• **Data for review**:
▬▬▬

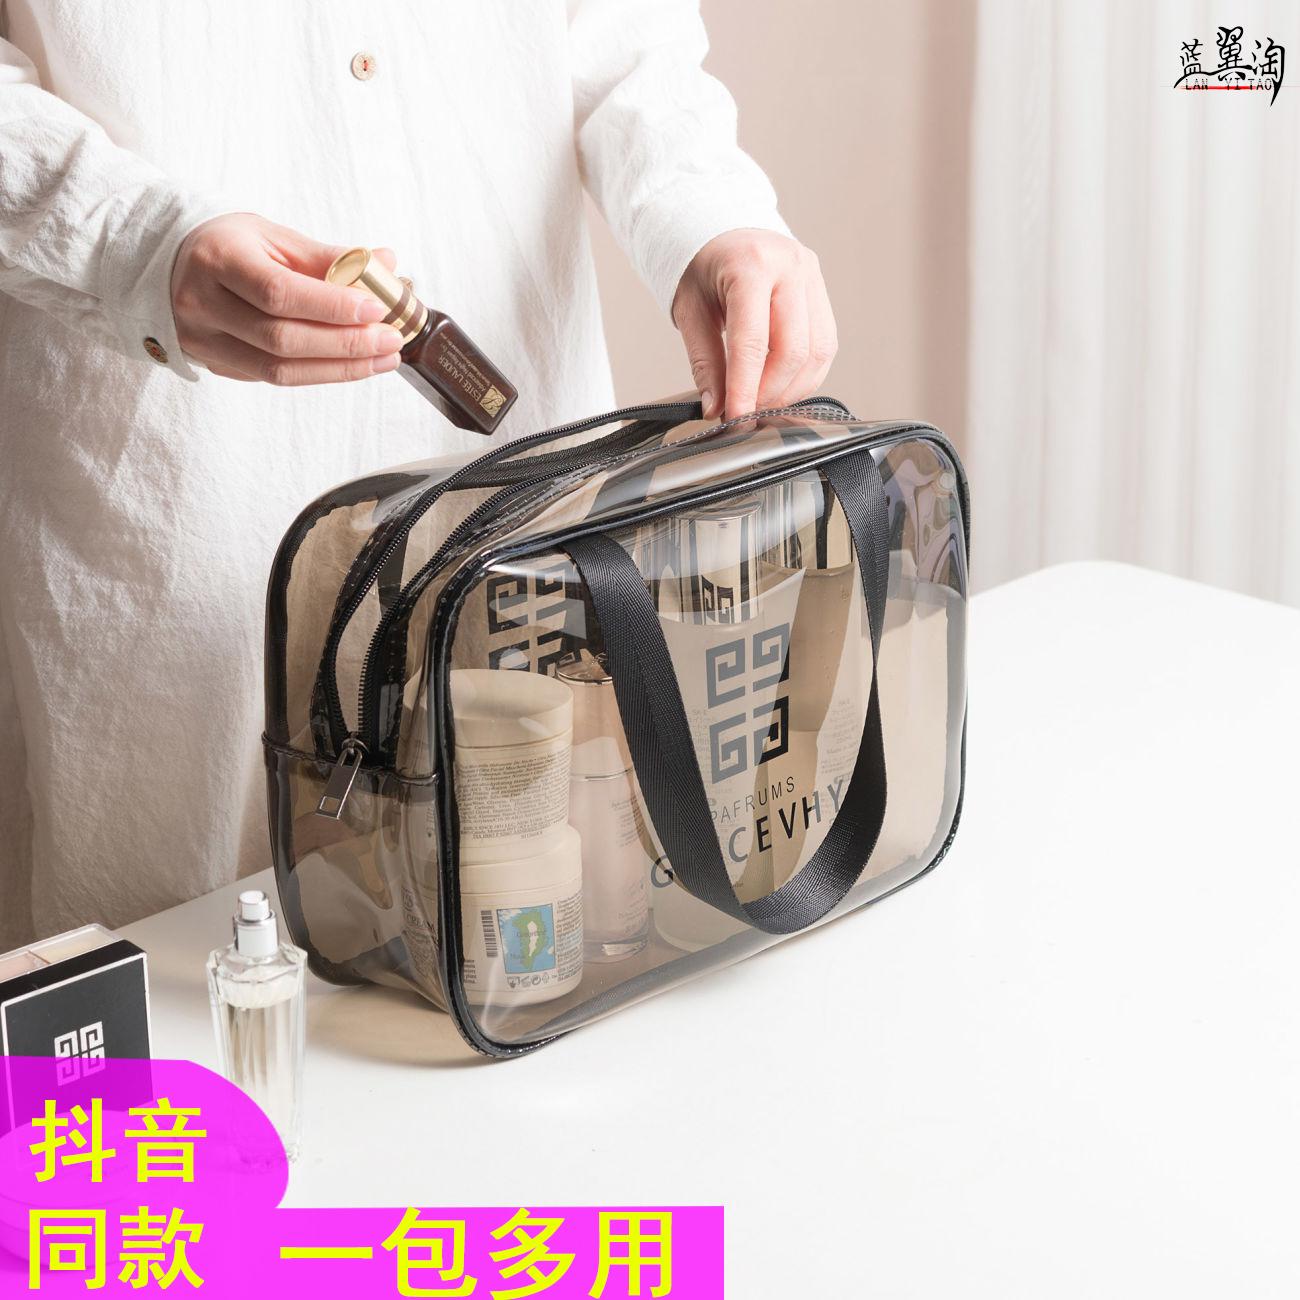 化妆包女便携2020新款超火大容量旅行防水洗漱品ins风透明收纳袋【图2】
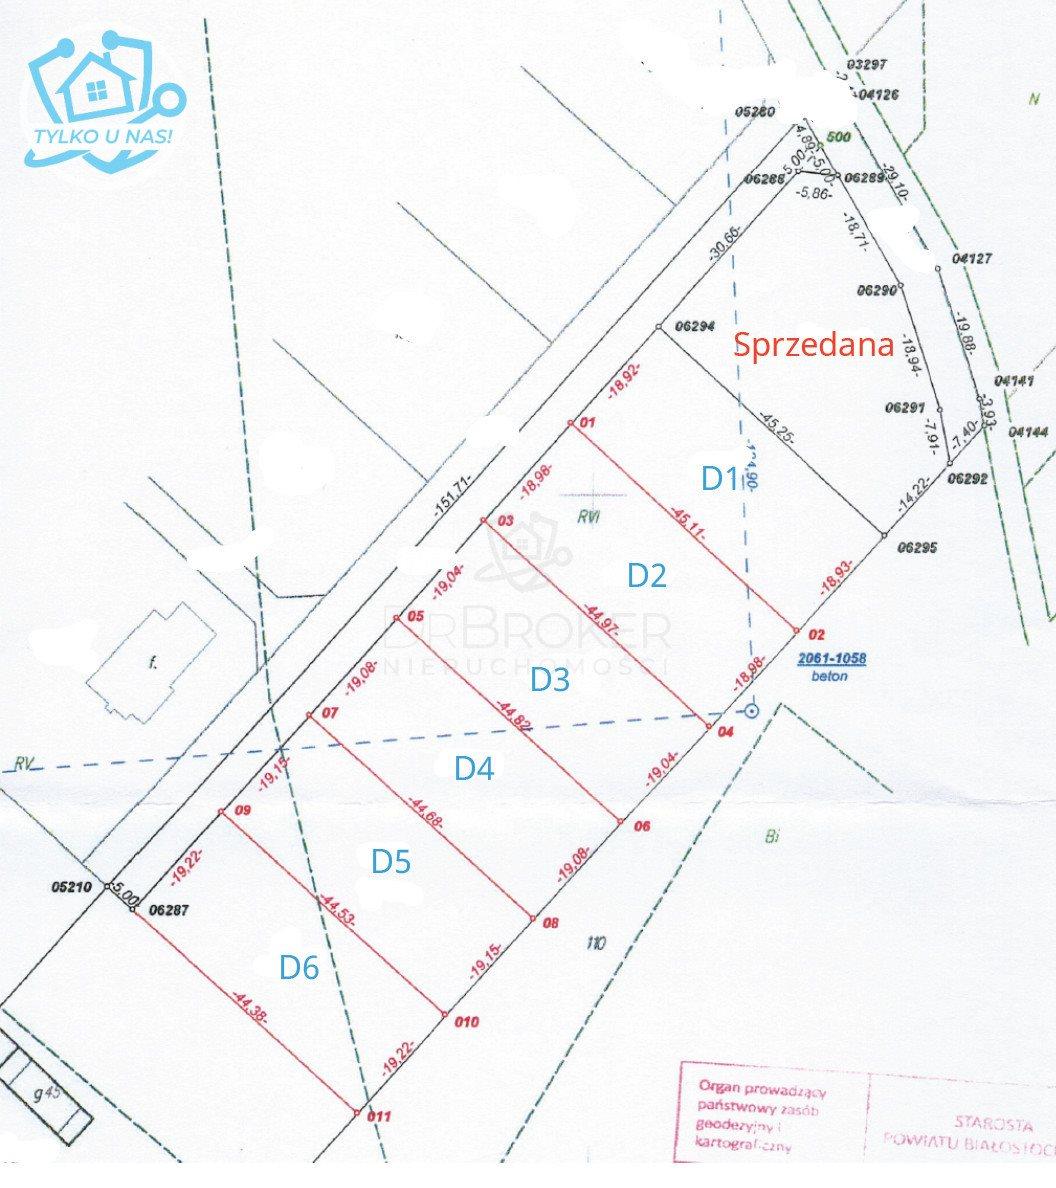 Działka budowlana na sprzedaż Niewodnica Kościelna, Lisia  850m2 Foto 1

▬▬▬

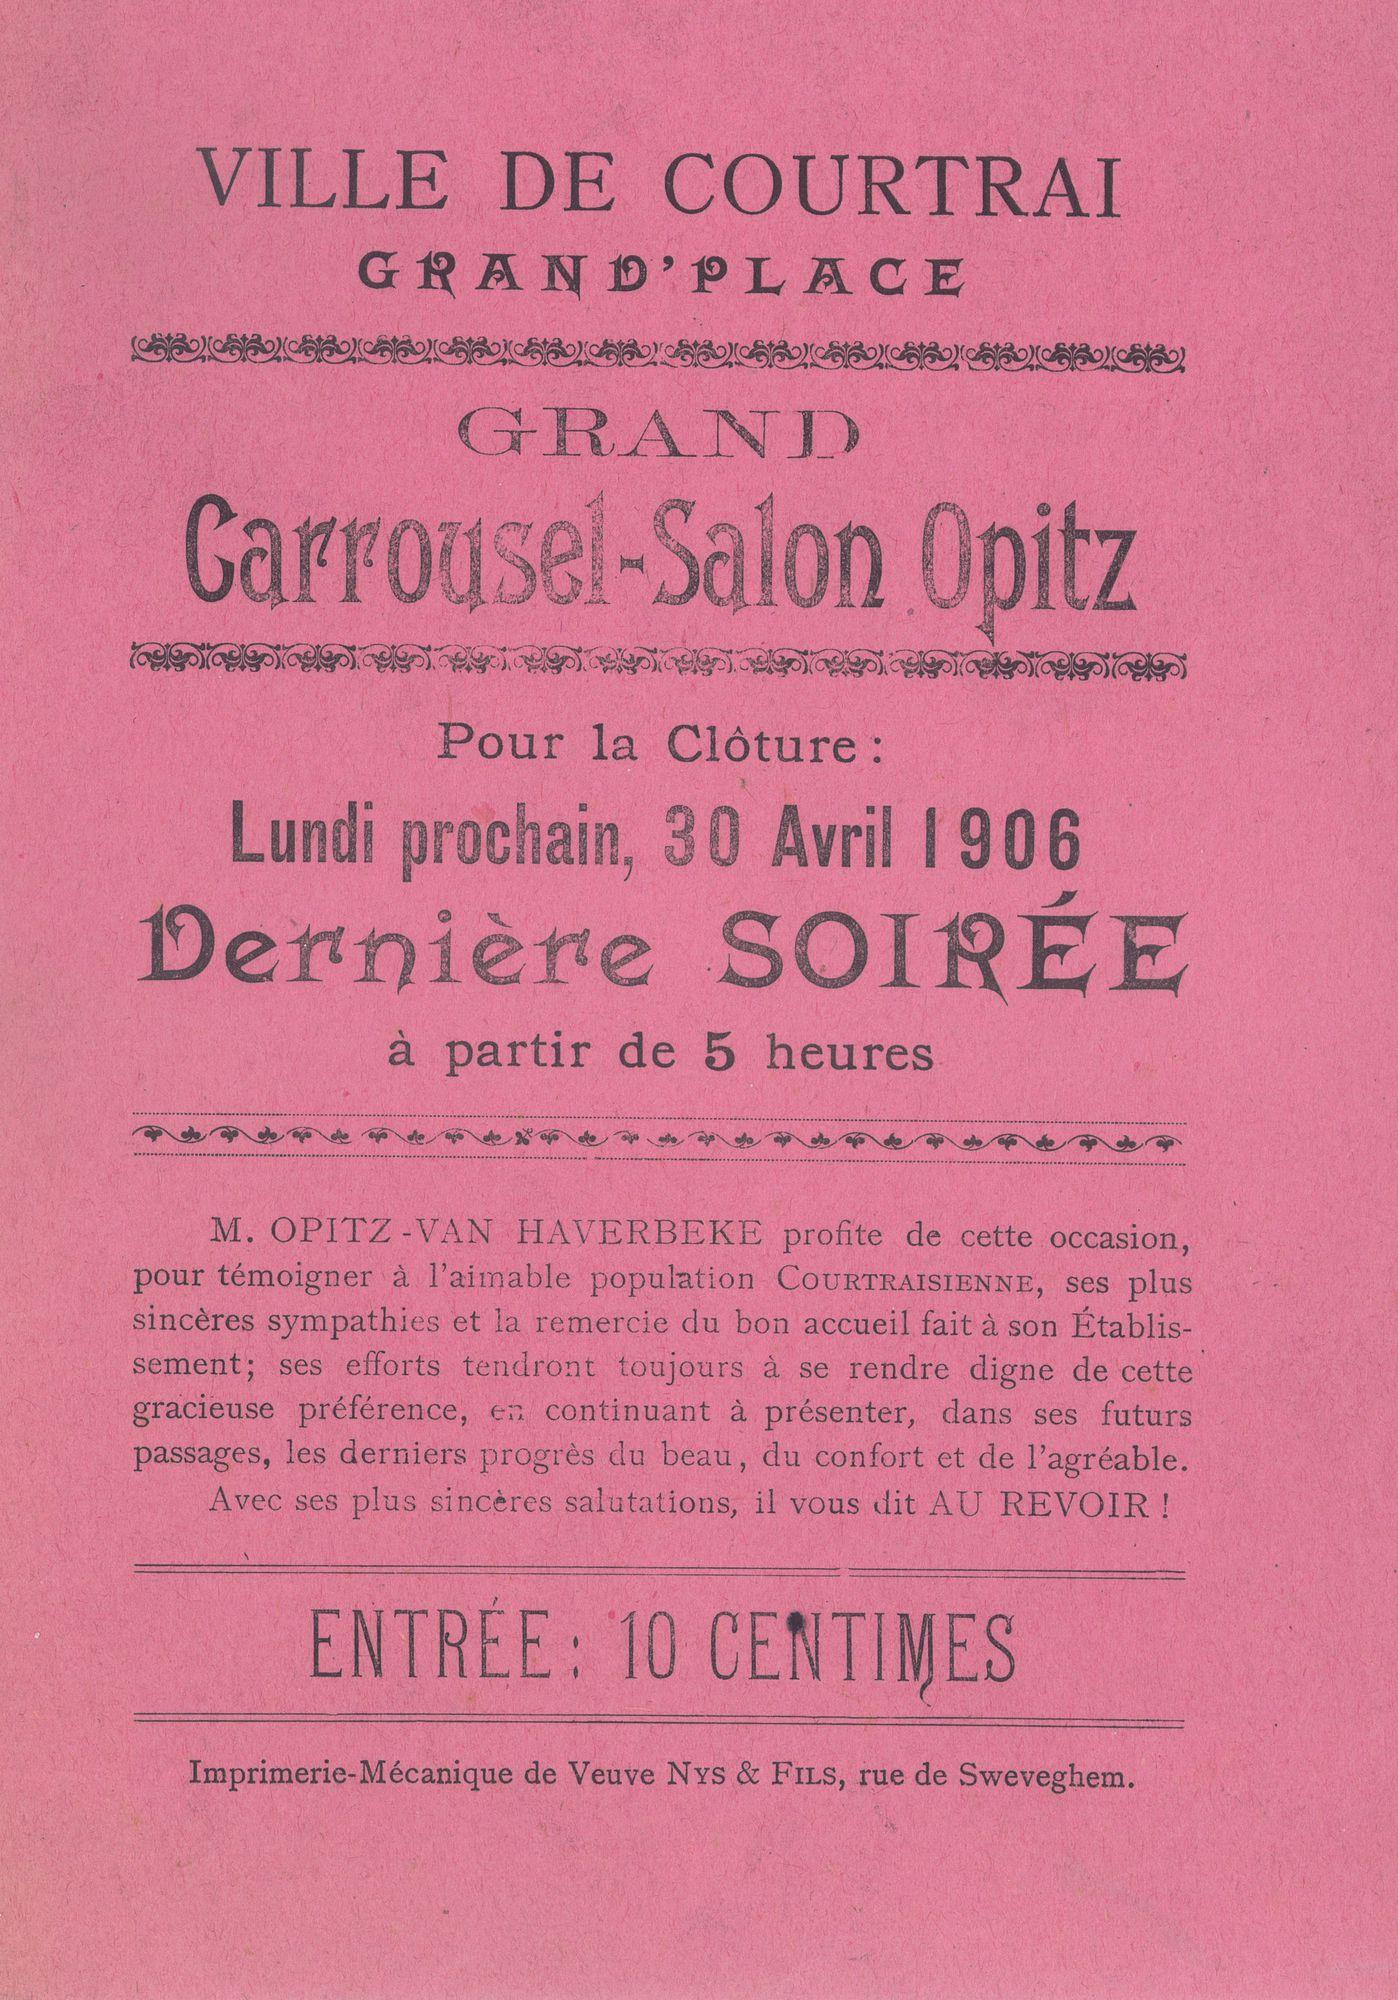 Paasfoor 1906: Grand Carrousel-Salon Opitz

▬▬▬

• **Task description**: Reproduce, word for word, only the lines in the records above from the line with "化妆包女便携2020新款超火大容量旅行防水洗漱品ins风透明收纳袋【图2】" through the line with "Działka budowlana na", including both ends; omit the pictures.

• **Solved problem**:
 化妆包女便携2020新款超火大容量旅行防水洗漱品ins风透明收纳袋【图2】
 Działka budowlana na sprzedaż Niewodnica Kościelna, Lisia  850m2 Foto 1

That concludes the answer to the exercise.